Secondly.. her accent is authentic.  West Indian people can turn their accent on and off when they want and depending on how they are feeling that day their accent may be stronger some days more than others.. why are people so ignorant to this and have yet to realize it is beyond me.

The only thing suspicious about this girl is her obvious contacts and her lifestyle.  I'm not getting life advice from her and I could care less about what her puts in her eyepiece and call real, it's not harming me in anyway. Why are people so keen on bringing her down


----------



## CurlsOnFire23 (Jul 12, 2012)

Zuleika said:


> you were determined!!!



I needed to know!
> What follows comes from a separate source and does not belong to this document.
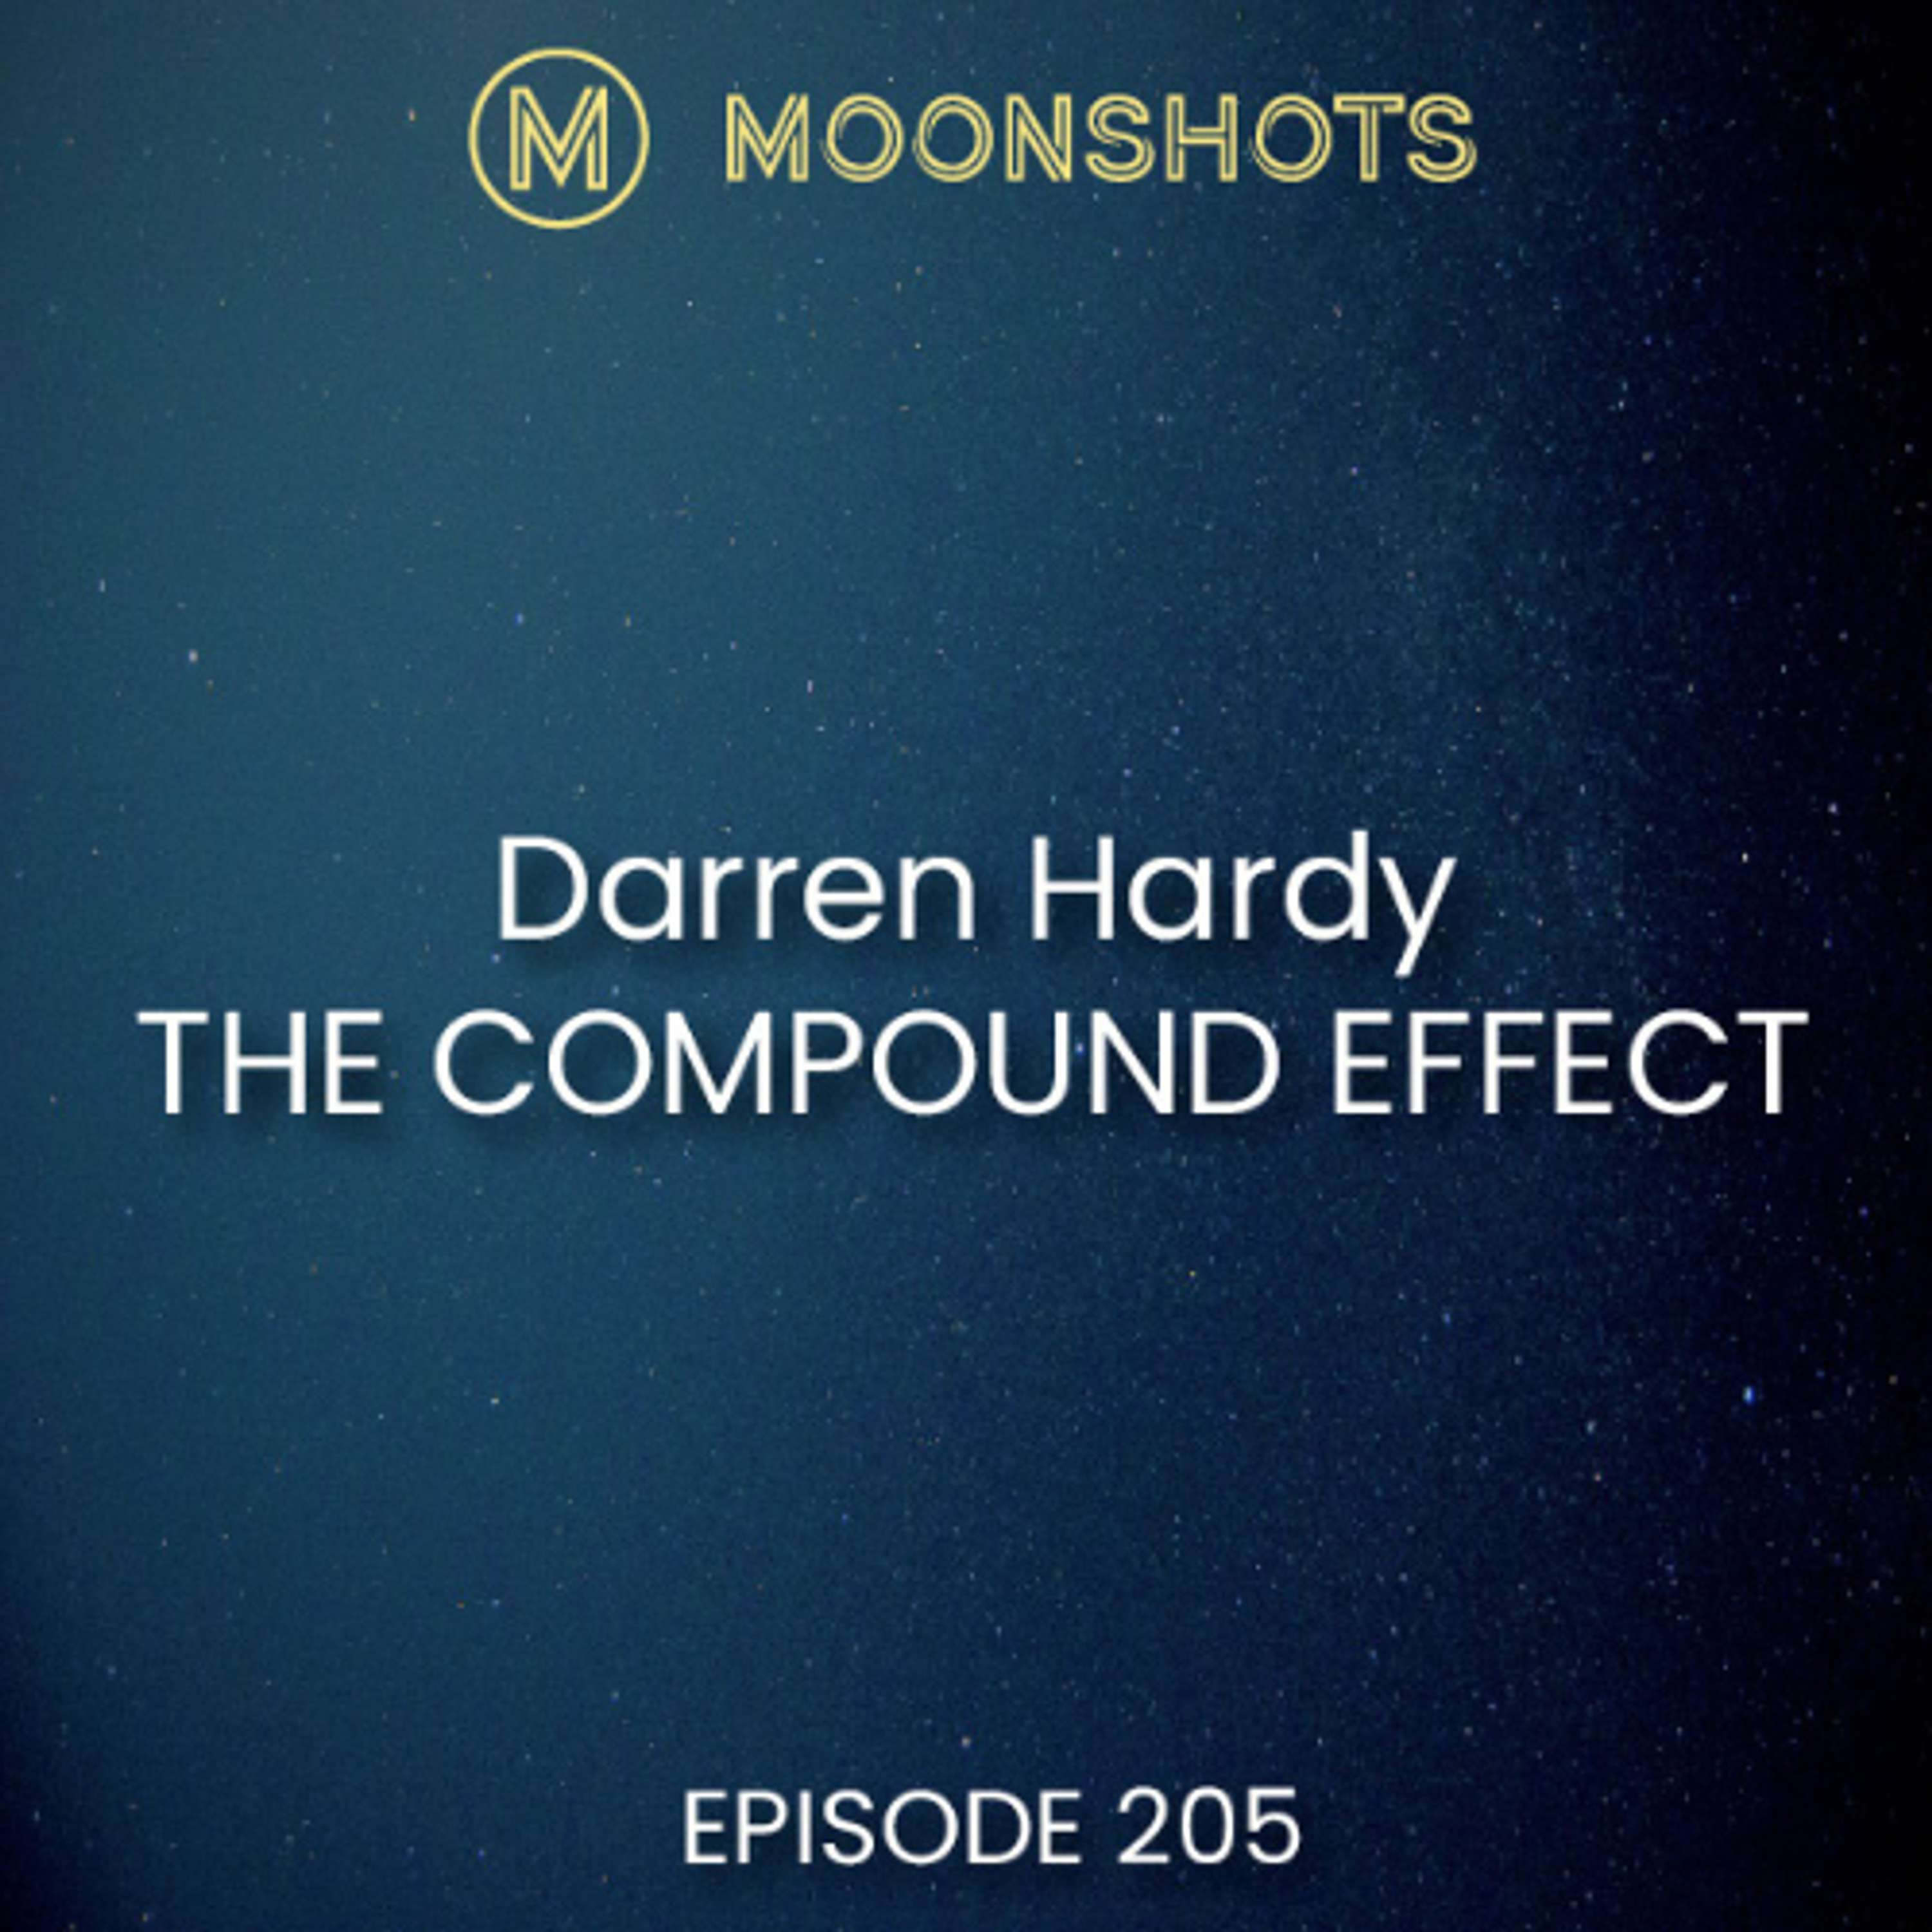 The Compound Effect by Darren Hardy. Jumpstart Your Income, Your Life, Your Success

I would have made another account but I couldn't come up with any more unique email addresses or Youtube names.


----------



## SerenavanderWoodsen (Jul 12, 2012)

RedVelvet310 said:


> I think some people are going off on this chick.  Her hair is not a weave, it's really obvious that it's NOT .. there are sometimes I've suspected her of having maybe some added pieces but I've never seen any evidence of a full lacefront and if she IS wearing one she needs to tell us where she bought it it looks very convincing.
> 
> Secondly.. her accent is authentic.  West Indian people can turn their accent on and off when they want and depending on how they are feeling that day their accent may be stronger some days more than others.. why are people so ignorant to this and have yet to realize it is beyond me.
> 
> The only thing suspicious about this girl is her obvious contacts and her lifestyle.  I'm not getting life advice from her and I could care less about what her puts in her eyepiece and call real, it's not harming me in anyway. Why are people so keen on bringing her down


----------



## CurlsOnFire23 (Jul 12, 2012)

Zuleika said:


> I can't believe you're comparing her to Andreas choice! I like Andrea.
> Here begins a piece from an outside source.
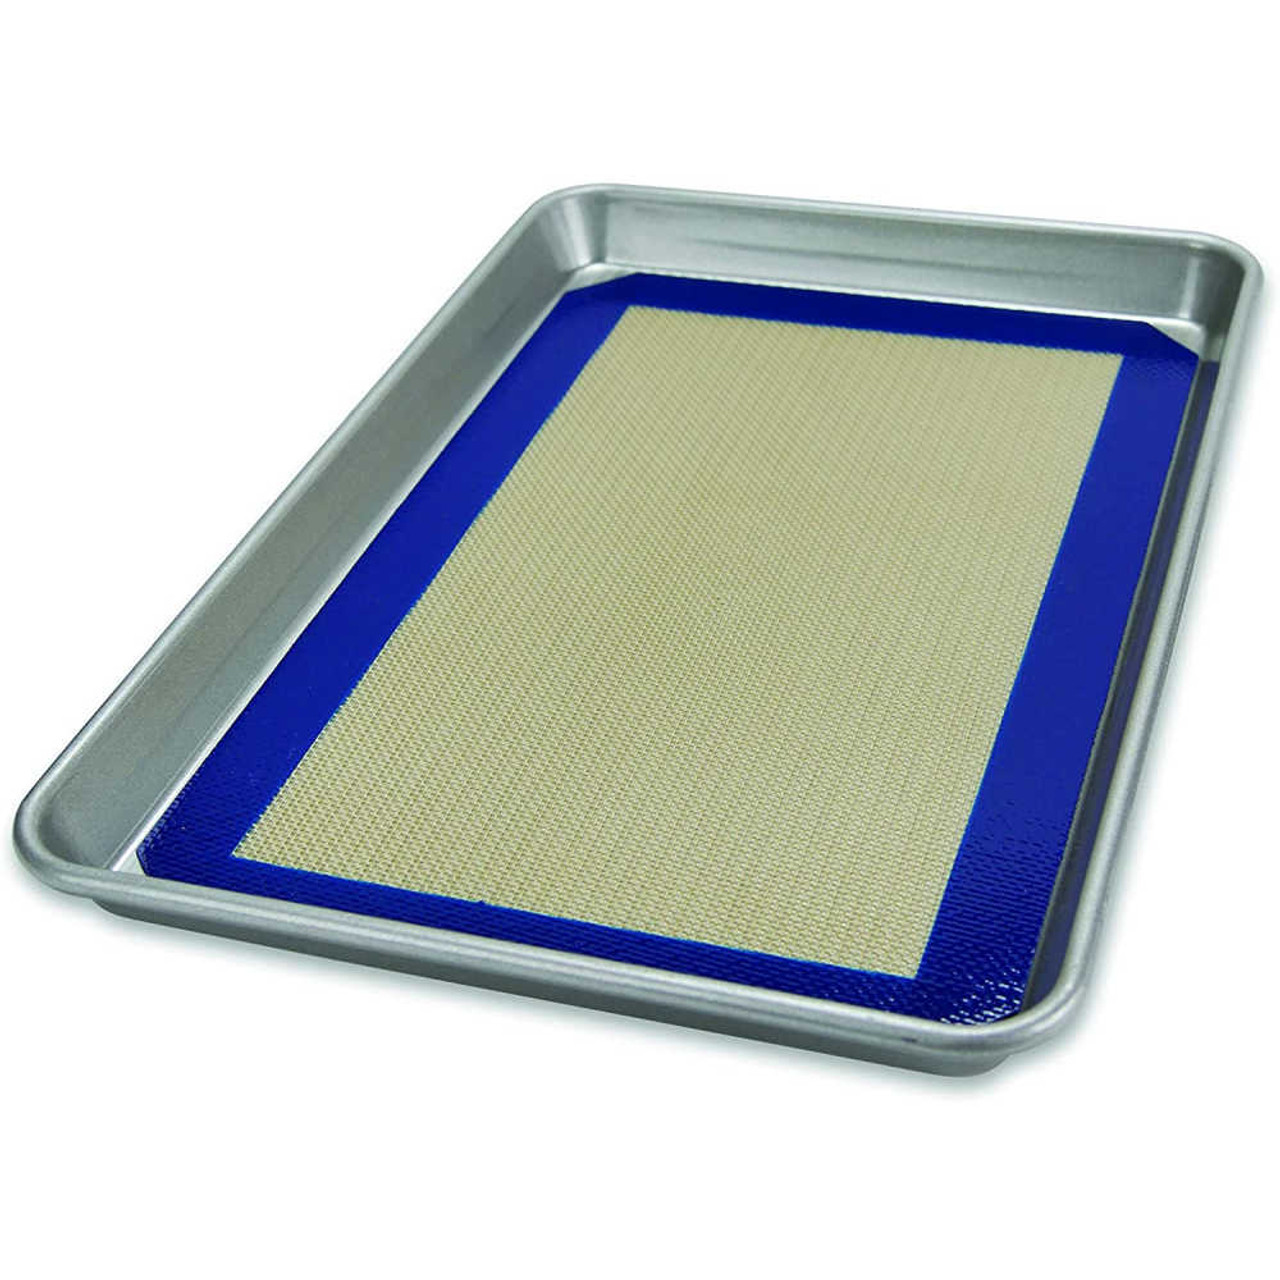 https://cdn11.bigcommerce.com/s-hccytny0od/images/stencil/1280x1280/products/4742/19301/USA_Pan_Jelly_Roll_Pan_and_Baking_Mat_Set_1__63805.1652456297.jpg?c=2?imbypass=on

I cant believe I said it either. lol. Did you notice shes starting to copy Andreas mannerisms?


----------



## RedVelvet310 (Jul 12, 2012)

SerenavanderWoodsen said:


>



Clearly it really vindicates people here, on BHM and on Guru Gossip (which is a really trashy desperate website) to smash down everything this girl does because she lied about the natural colour of her iris 






Do you.

ETA: And I swear half the reason people are doubting the authenticity of her hair is because she is of a darker complexion and is not obviously mixed  ...


----------



## MsDee14 (Jul 12, 2012)

I saw this thread and didn't think anything of it..didn't even click on the video. Now that I see it's Tanisha..let me get to reading. This chick is pure f*ckery at it's finest.


----------



## BackToMyRoots (Jul 12, 2012)

CurlsOnFire23 said:


> I know there are some islanders up here..when yall talk does your accent go away depending on who you're speaking with?



Yes.

At work, little to no accent.

With family, accent is automatically more pronounced...slip in and out of patois words.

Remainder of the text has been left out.